# Thin Displays as Wristbands



## Dame (Oct 15, 2010)

*Holy crap this is cool!*



> The U.S. Army is evaluating full-color flexible displays that can be worn on the wrist.
> By Katherine Bourzac
> FRIDAY, OCTOBER 15, 2010
> 
> ...


Full story: http://www.technologyreview.com/computing/26537/?a=f


----------



## DA SWO (Oct 15, 2010)

Cool, GPS and other technologies on a low power wrist band.


----------



## Marauder06 (Oct 15, 2010)

This means Joe will never have to be without his porn when he's away from home :)


----------



## AWP (Oct 15, 2010)

Marauder06 said:


> This means Joe will never have to be without his porn when he's away from home :)


 
Beat me to it. :)

Besides, a Toughbook with VLC can store and display a lot of porn......in theory.


----------



## Diamondback 2/2 (Oct 15, 2010)

They would be better off giving Joe a mil grade iPhone with a nylon sleeve worn on the wristor just in his pocket/pouch... You could run all kinds of shit off of iPhons, hell Falcon view, GPS, real time texting, calling and the ability to get on the net to use other programs. Have apps for SITREP/SPOT, 9 line, UXO/IED reports and documenting/logging evidence or site exploit.... Fucking endless uses and it's already on the market.....But nope not for the Army, we need something 20 time larger in size that we wear in a back back with 20 lbs of batt's and wire and shit...

How fucking cools would be to have an app for CAS, with drop/drag menu?


----------



## Dame (Oct 15, 2010)

Yeah, OK, fine. You guys are just ruining all my fun.  You all go buy iPhones and I'LL take one of these.
(I wonder if I can bedazzle it?)   Bahahahaha!


----------



## Diamondback 2/2 (Oct 15, 2010)

OMG!!! BEDAZZLE!!!! <------- Said in high pitched gay boy voice... 


I was just pointing out that some of the stuff that comes out in the military as the new tactacool gear is normally about 20 steps behind what most 15 year olds are using to text with at high school. :doh:


----------



## Dame (Oct 15, 2010)

Yeah, I know.  But this one is like bendy and everything.  Won't break if you drop it.
But I love the high pitched gay boy voice.  I think the frequency is curing my headache. ;)


----------



## TheSiatonist (Oct 16, 2010)

Next thing ya know, they'll want a USB port on it. Then a 5Gb RAM and a 900 Gb HDD. Then a 10 megapixel camera with 20X zoom. Then touchscreen. Then video conferencing. Then built-in VHF/UHF radios. Then biometric scanner. Then Google Earth. Then access to Shadow Spear. Then mini hydraulics. A solar panel. Built-in sat phone. Frequency jammers. Ice cream. Some soap and toothpaste.

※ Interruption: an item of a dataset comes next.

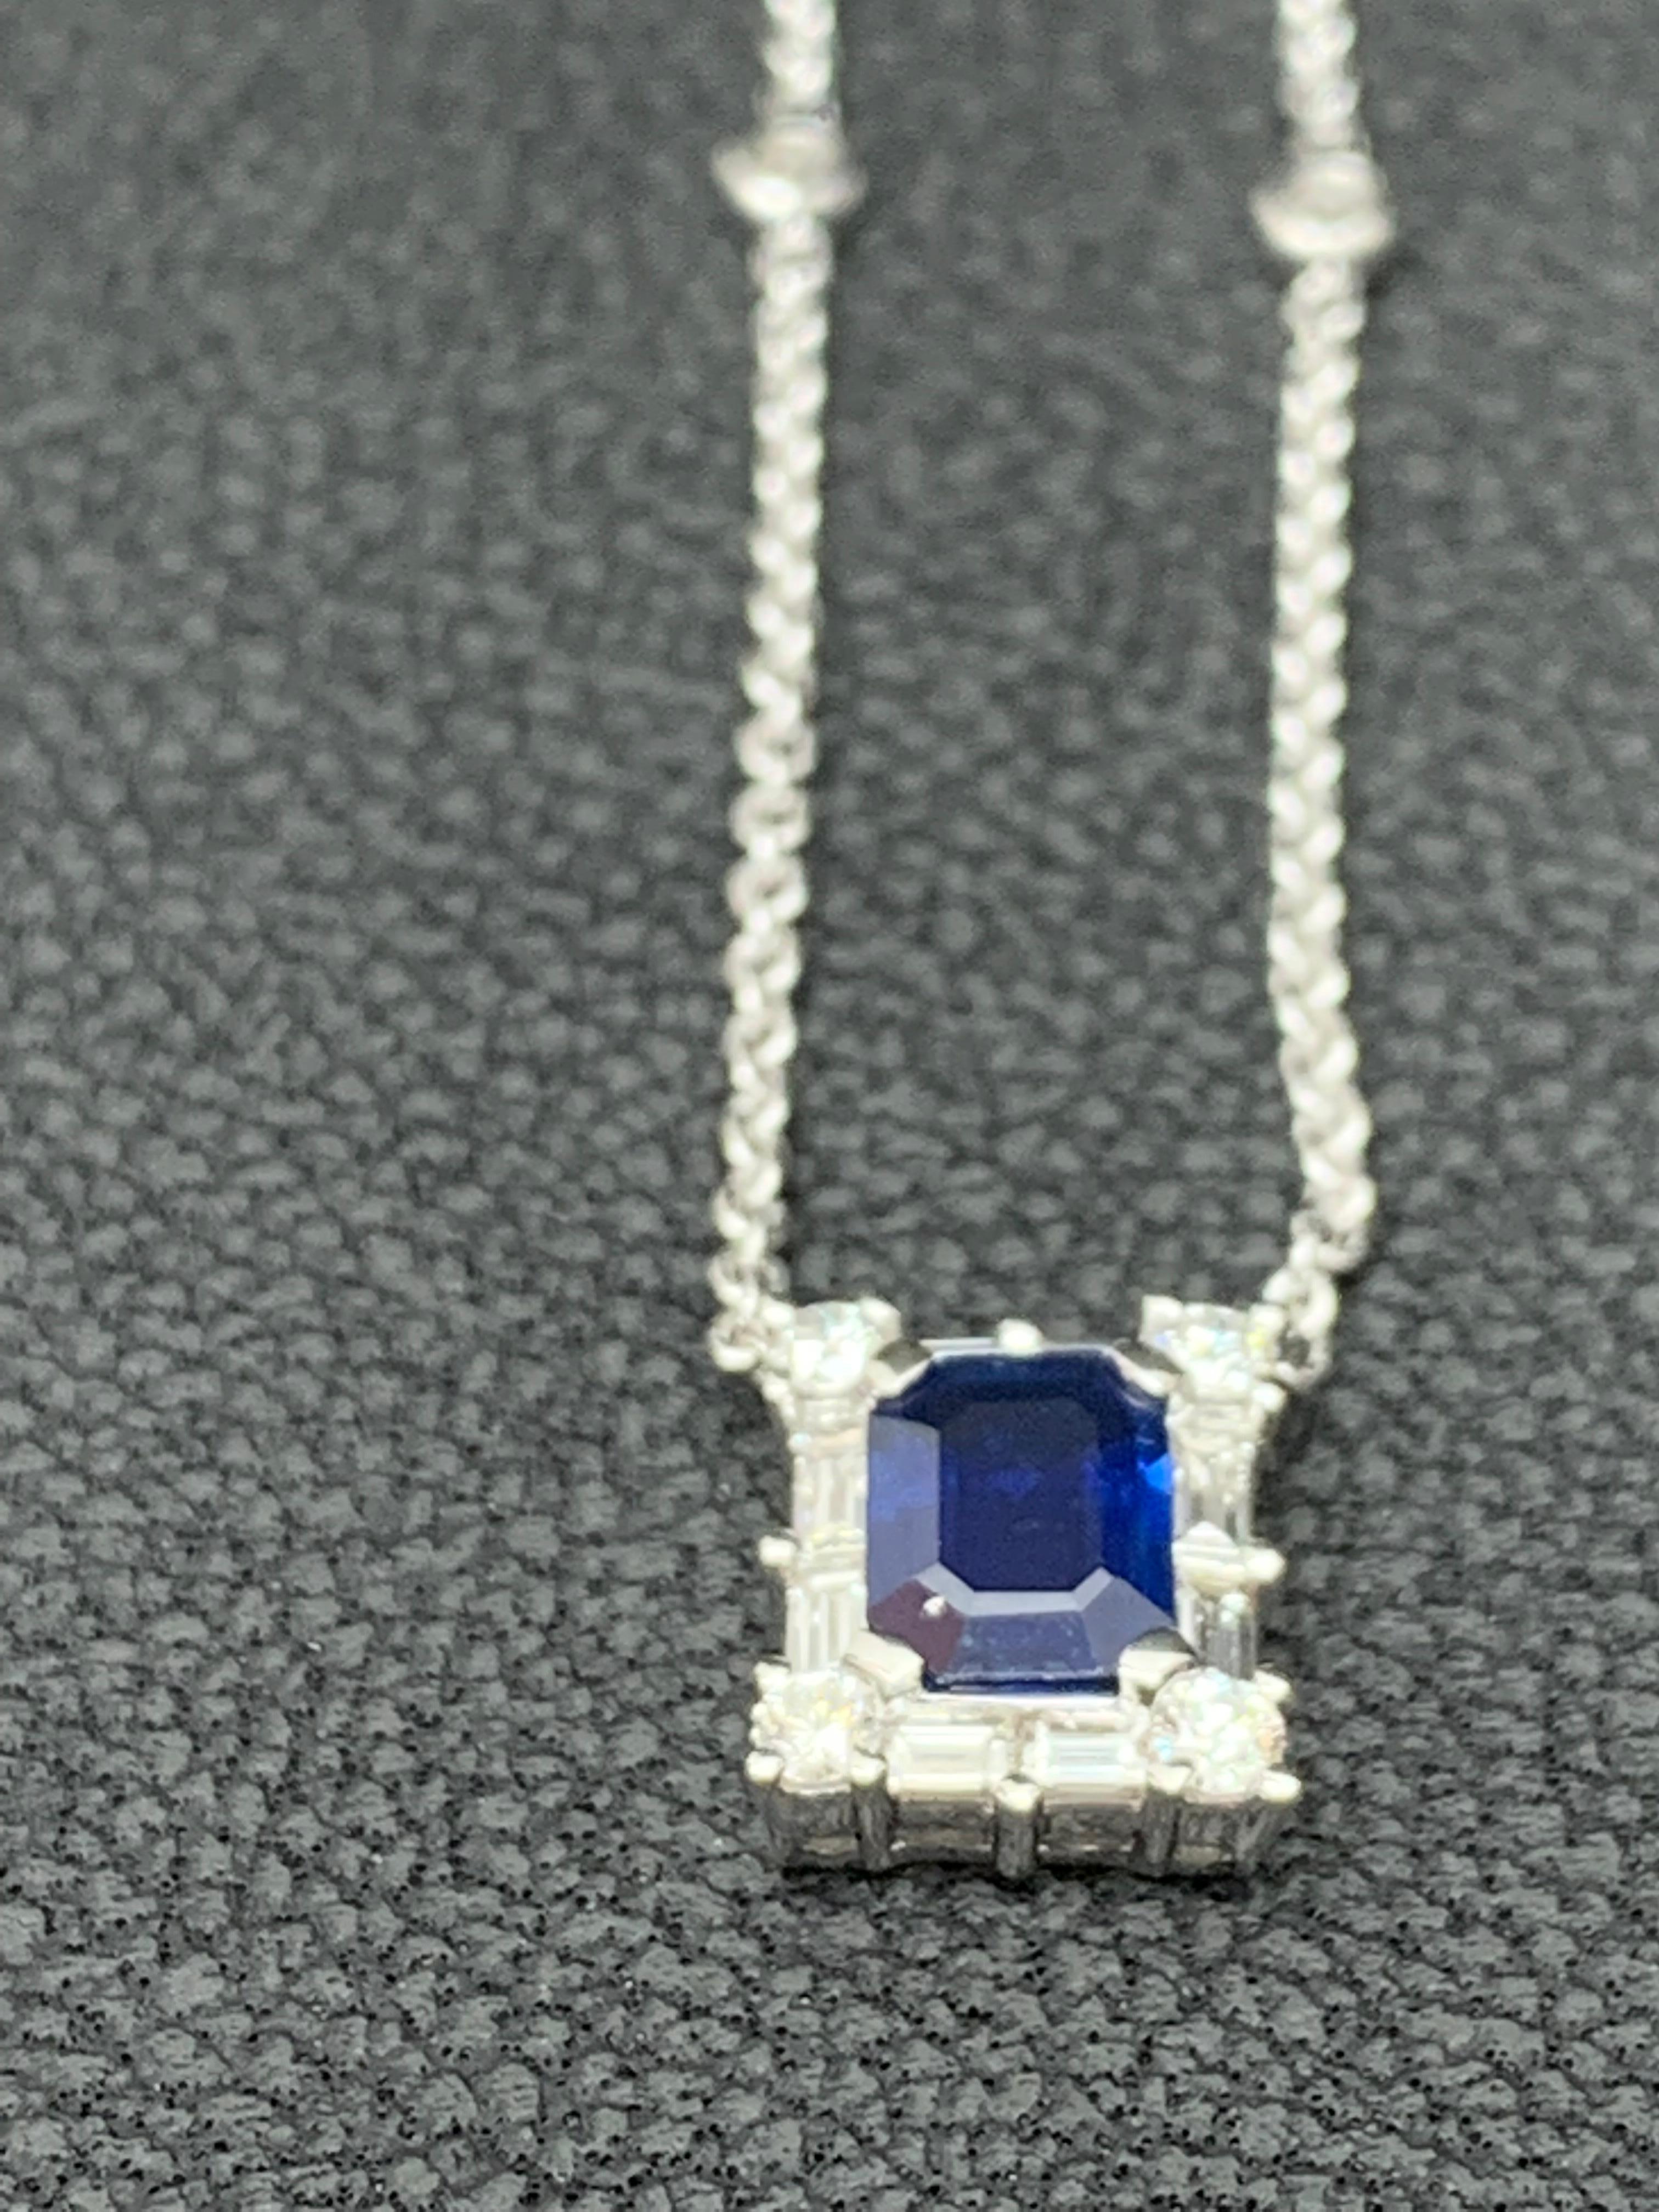 0.72 Carat Emerald Cut Blue Sapphire Diamond Pendant Necklace in 18K White Gold For Sale 2

Fuck, the possibilities are endless...


----------



## ShockWave (Oct 16, 2010)

I like the point made about having Iphones do all of this crazy and cool stuff. My question about this idea is: If the army was to develop apps for IED reports or whatever, would it be something that would send it automatically to higher-ups or a command center or something? If so, what would keep young stupid people(such as me) from downloading the app and sending in fake ones all the time just to mess with the government?

Now, about that flexible armband thing. I know there is a system used by the military to show where all the friendly forces are, and certain people on the battlefield can mark where enemies are. Do you guys think this wristband screen could work on that system so that anyone who has it on can just look down and see a map of the region that includes friendly/hostile force indicators. Or would this only be more of a GPS type of item?
I know that since it is a prototype nobody in here is gonna know all of it's capabilities, but I would like to hear your thoughts and opinions about it.


----------



## AWP (Oct 16, 2010)

Hmm...an iPhhone with an encryption sleeve and the ability to charge from a vehicle or from a 5590/ 390/ whateverisusedthesedays tied into your SATCOM or ASIPs.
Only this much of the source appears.